Coral-like FeCoNi alloy/layered double hydroxides/nickel foam for enhancing mass transfer in oxygen evolution reactions

Many oxygen evolution reaction electrocatalysts lose their ability to transfer mass at high current densities, leading to the adoption of renewable power to make “green” hydrogen a considerable problem. Here we construct gas evacuation configurations by integrating coral-like FeCoNi alloy/layered double hydroxides electrocatalysts on nickel foam (FCNal/NF) that can effectively avoid catalyst deactivation in high current density.

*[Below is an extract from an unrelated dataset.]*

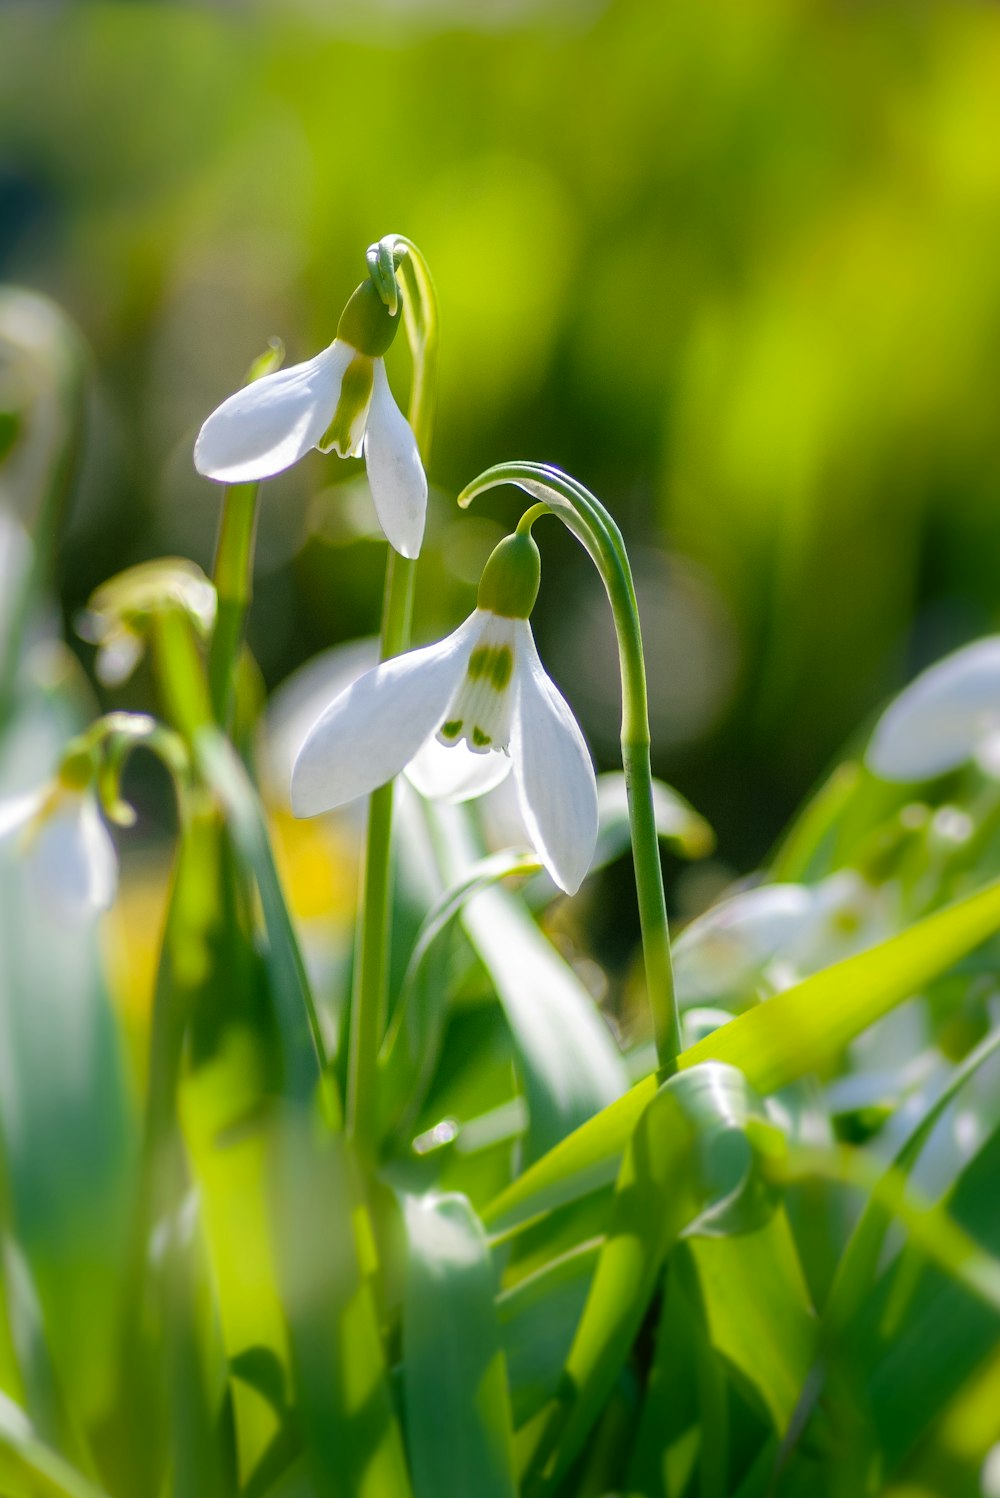 boccioli di fiori bianchi in lente tilt shift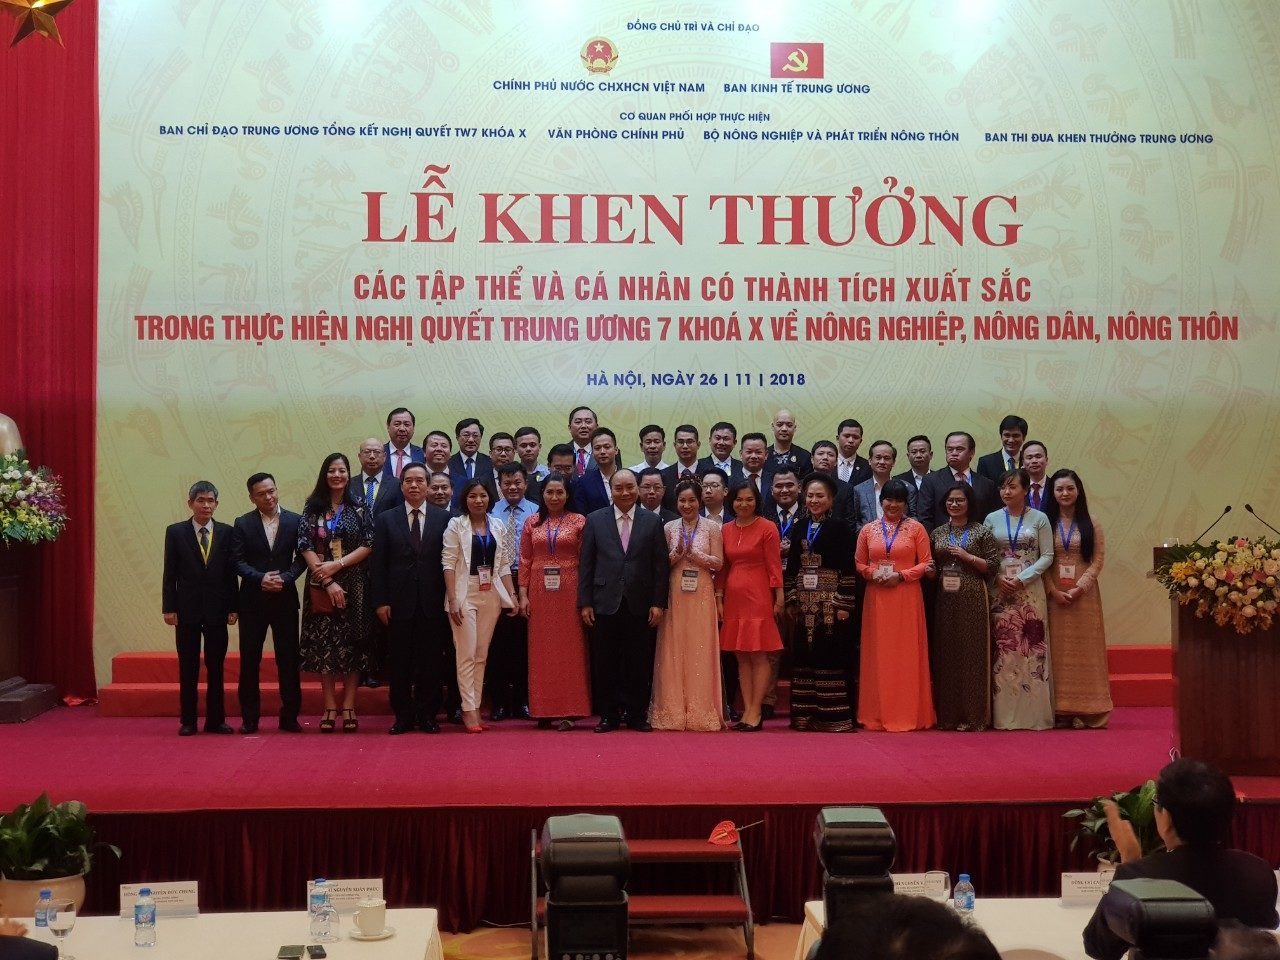 CEO Nextfarm ông Trần Quang Cường, áo vest xanh, hàng thứ hai, đứng ngay sau Thủ tướng Nguyễn Xuân Phúc

During electrochemical water splitting, the superhydrophilic/superaerophobic surfaces reduce the adhesion of bubbles to electrodes. Moreover, the spontaneously generated slug flow within pores can facilitate contact between electrolytes and electrochemical active sites. Therefore, the optimized FCNal/NF electrode displays excellent catalytic activity (the overpotential of 166 mV at 10 mA cm⁻² in 1 M KOH) with long-term durability under both laboratory (1 M KOH, room temperature) and rigorous industrial (30 wt% KOH, 80 °C) conditions. In the anion exchange membrane water electrolysis (AEMWE) tests, FCNal/NF(+)||Pt/C/NF(−) electrolyzer requires 1.73 and 1.86 V to reach the current density of 1000 and 2000 mA cm⁻² for overall water electrolysis, respectively, showing its potential for industrial application.